Mais le Christ, dites-vous, le Christ seul a fait l'Église ! Certes ! Le Christ seul, mais qui a dit : Je ne suis pas venu abolir la Loi mais l'accomplir... (Matthieu, V, 17). L'action de Celui qui a dit de Lui-même : Je suis l'Alpha et l'Omega, n'était pas révolution mais restauration de la Tradition du Premier Jardin. Que vous le vouliez ou non, c'est cette «Église intérieure» éternelle qui est dépositaire en l'invisible du Symbolisme, des Mystères, des Prophéties, et de toute la Métaphysique chrétienne, qui nourrit depuis deux mille ans les visions de nos mystiques et les dogmes de votre église lorsqu'ils sont authentiquement inspirés par l'Esprit Saint. C'est à cette «Église inté­rieure» dont le plus visible courant est le Johannisme. qu'appartenaient Dante, Paracelse, Pic de la Mirandole, Vinci, Durer, Boehme, Claude de Saint-Martin, Joseph de Maistre, et cette grande Simone Weil pour laquelle vous ne m'avez pas caché votre admiration, tout en continuant à déplorer qu'elle ne fût pas entrée dans l'Église de Rome - alors qu'elle s'est expliquée de cette «impossibilité» avec précision dans l'admirable Lettre à un religieux que vous n'avez jamais voulu lire !
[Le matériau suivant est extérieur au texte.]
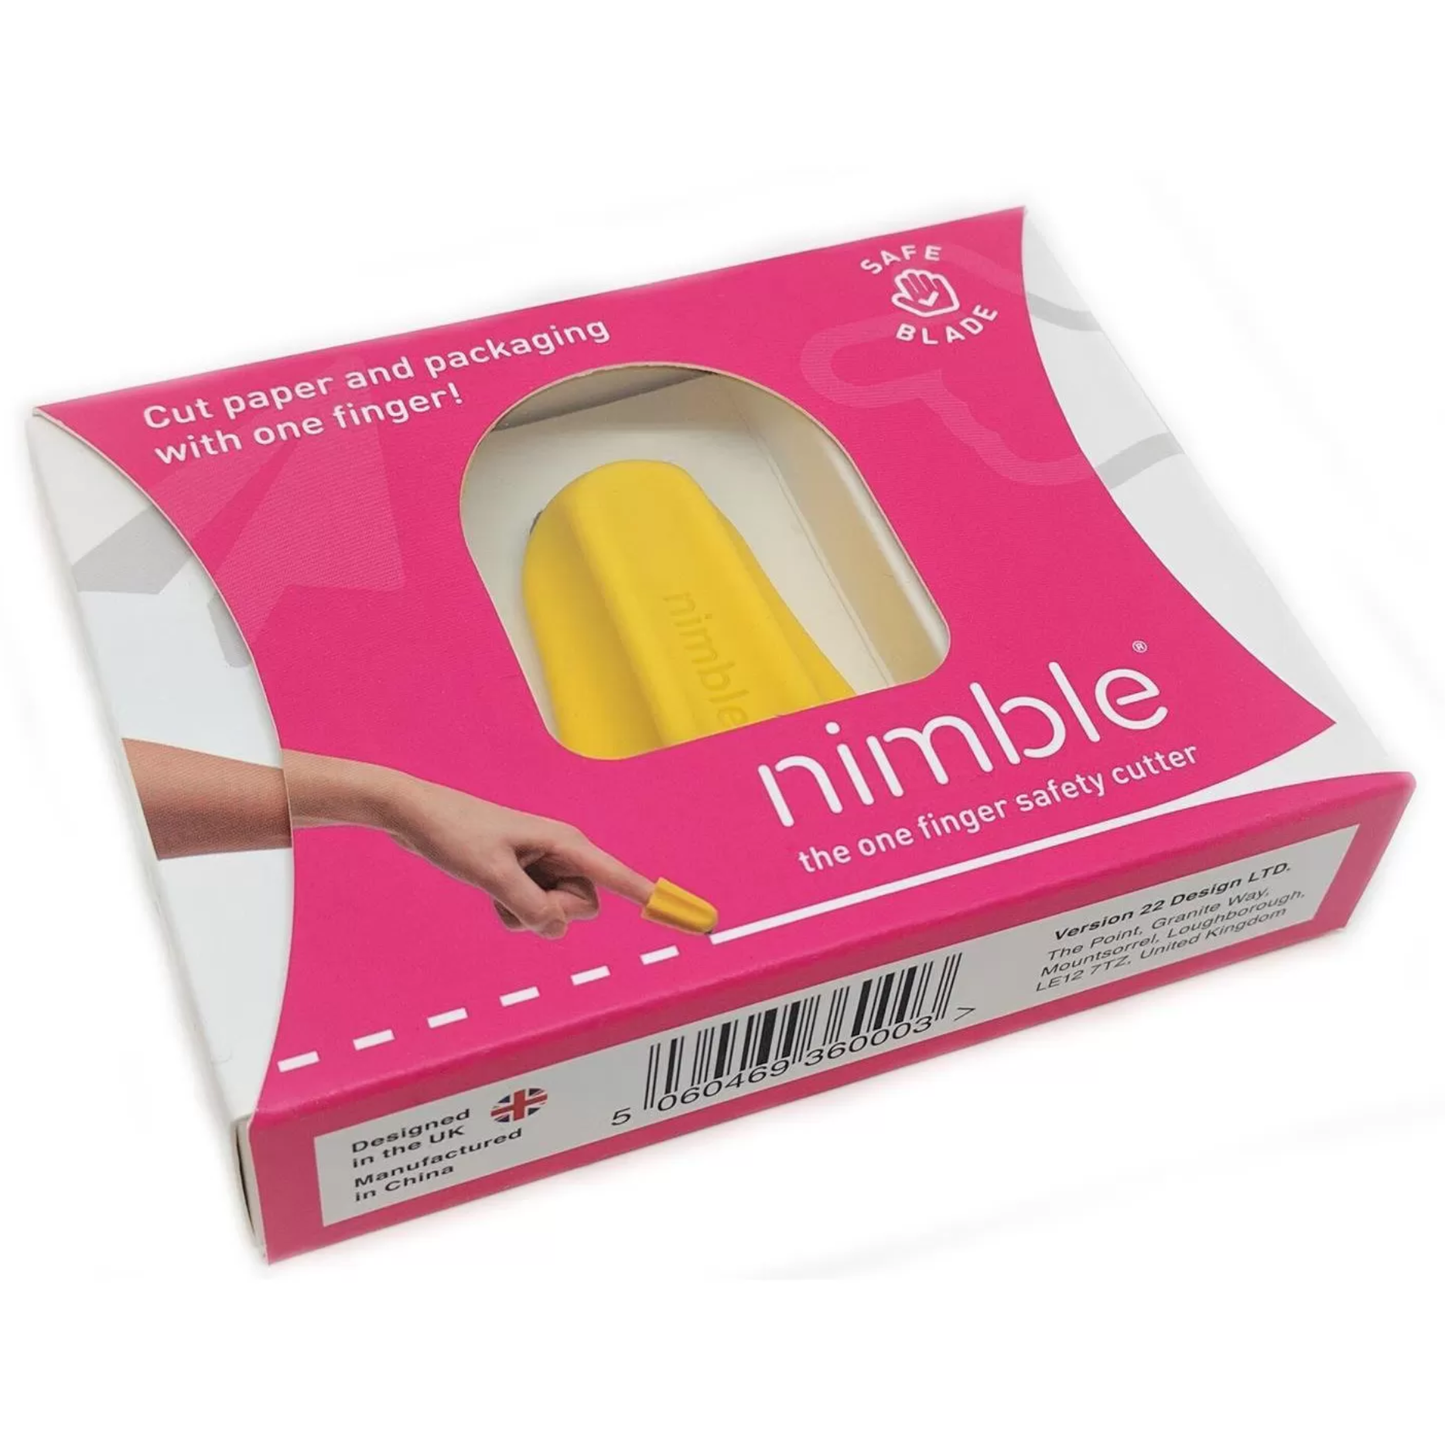 Nimble one-finger cutter

Par ailleurs, que les religions en effet opposées dans leurs implications dogmatiques, liturgiques et sociales puissent cependant s'unir dans leurs sources métaphysiques, c'est-à-dire dans leur Symbolisme et dans leur Ésotérisme le plus éternel, voilà ce que vous ne voulez pas savoir. Ainsi, la notion même de ce que Schuon appelle «l'Unité transcendante des religions» vous échappe totalement. Vous ne voulez avoir aucune lumière sur la diversité des voies que, selon les races, les climats, les époques et en définitive les Cycles du Temps, peut prendre ce que le catholicisme appelle la Grâce, et qui est l'effusion de l'Esprit, et qui souffle où II veut, quand II veut.

Que, hors de l'Occident, on puisse être sauvé par Mahomet, Civa, Krishna, Bouddha ou Lao-Tseu, que hors de l'Ère des Poissons on ait pu être sauvé par Orphée, Apollon, Pythagore ou Zoroastre, vous le niez, vous le niez farouchement... Que de millions d'hommes qui ne connaissent ou ne connaissaient pas le Christ vous précipitez ainsi dans votre enfer ! Votre amour de Dieu (que je ne conteste certes pas !) aboutit en fait à un terrorisme clérical qui n'a cessé d'être meurtrier que parce que le pouvoir temporel a été depuis quelques siècles de plus en plus dissocié du pouvoir spirituel... Comme vous n'avez plus d'armes temporelles, vous avez cessé d'emprisonner, de juger, de condamner... Mais combien j'eusse préféré que cette tolérance de fait fût volontaire et devînt compréhension !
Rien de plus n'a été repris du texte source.